Arts & Culture
Portfolio: Temre Stanchfield
“Wrestlers”, 15”x 18”, oil on panel, 2007.
As this year’s artist in residence at Kingston’s Trolley Museum, Temre Stanchfield is painting landscapes inspired by Kingston Point Park, located not far from the museum on the Hudson River. These pastorals, which suggest a luxuriant, if slightly disquieting, languor represent a departure for the artist. Formerly a photorealist who explored issues of gender and sexuality in her images of female and male nudes, Stanchfield has been moving toward a more painterly style. Her series of Japanese-inspired female heads, which she showed at galleries in Kingston, Beacon, and Rhinebeck in 2007 and 2008, turned conventions of the Japanese feminine ideal upside down, with their exaggerated coiffures, blurred faces, and carefully rendered accessories. Her more recent series of head studies showcases the visceral nature of paint: Images of blandly beautiful women are transformed into grotesques by the loose, luscious application of red and pink paint and erratic scraping. In one monumental study, the canvas has been turned on its side so that the head rests heavily on the ground, as if suffering from a very bad hangover.

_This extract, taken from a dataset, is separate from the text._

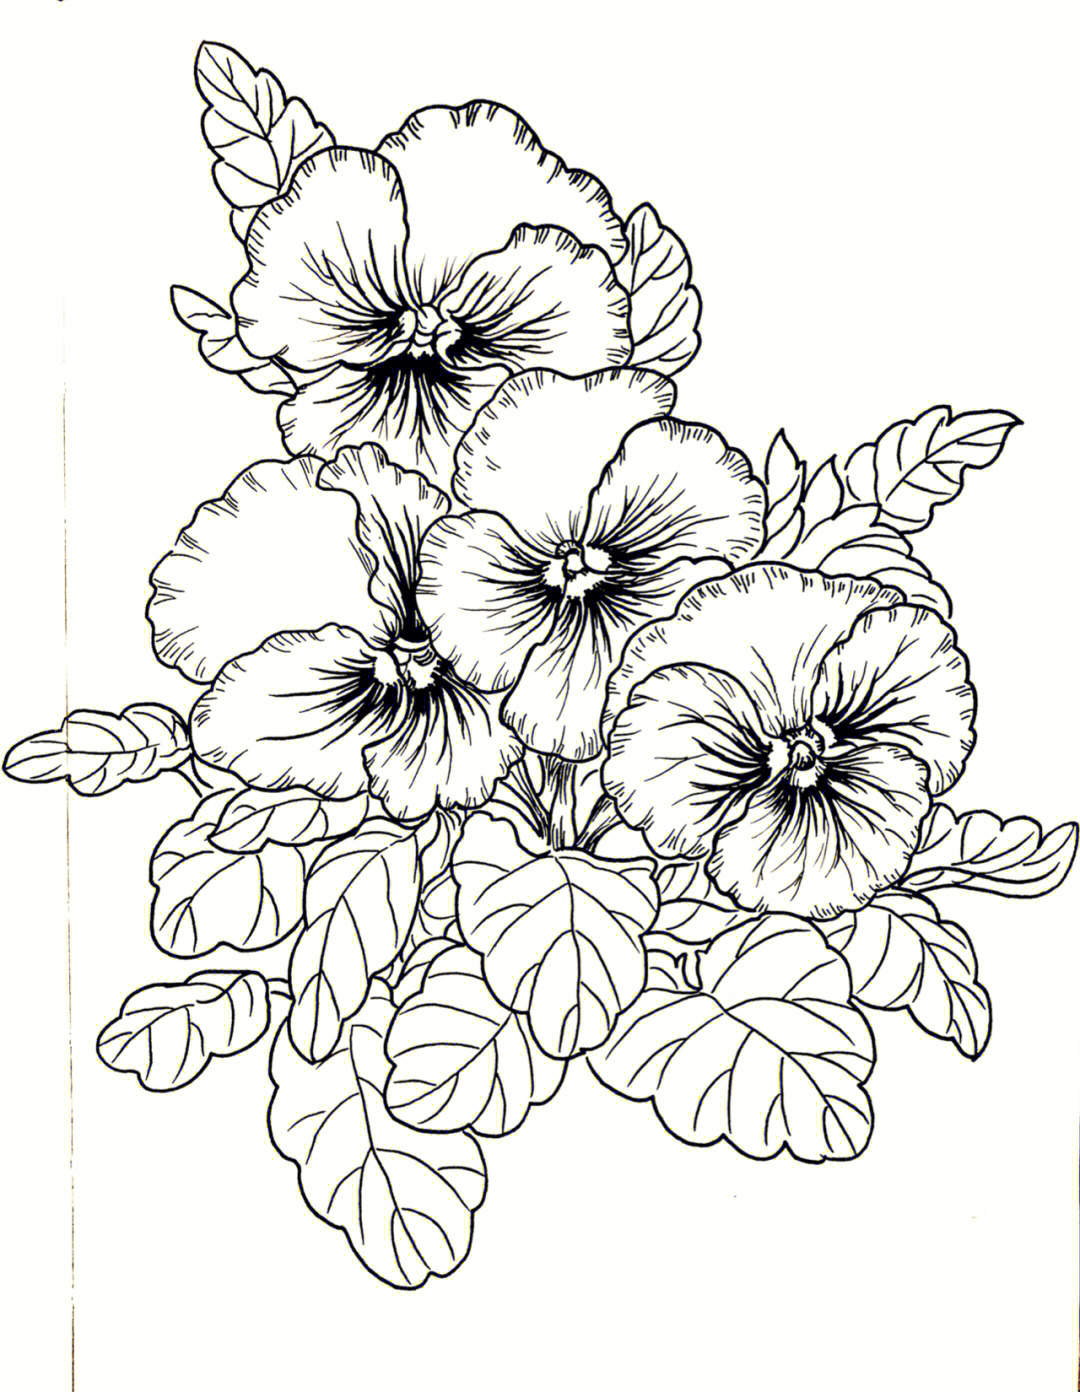 线描手绘花卉临摹三色堇025

Born and raised in Alaska, Stanchfield spent her young adult life in the Seattle area before earning an MFA at the University in Arizona in 2000. Her paintings of overweight, middle-aged, nude men, depicted as cavorting cupids, and young cowboys wearing nothing but cow masks were shown at the Pima Community Art Gallery in Tucson and in Los Angeles. In 2001, Stanchfield and her husband moved to Japan, where both taught at the Kanazawa International Design Institute, an affiliate of Parsons School of Design. After arriving in the Hudson Valley in 2007, they bought a house in Kingston, where Stanchfield paints in an attic studio and teaches art to children. Her landscapes will be shown at Donskoj & Co. in Kingston from July 4 through 25. (845) 338-8473;
www.donskoj.com. Portfolio: www.temrestanchfield.com.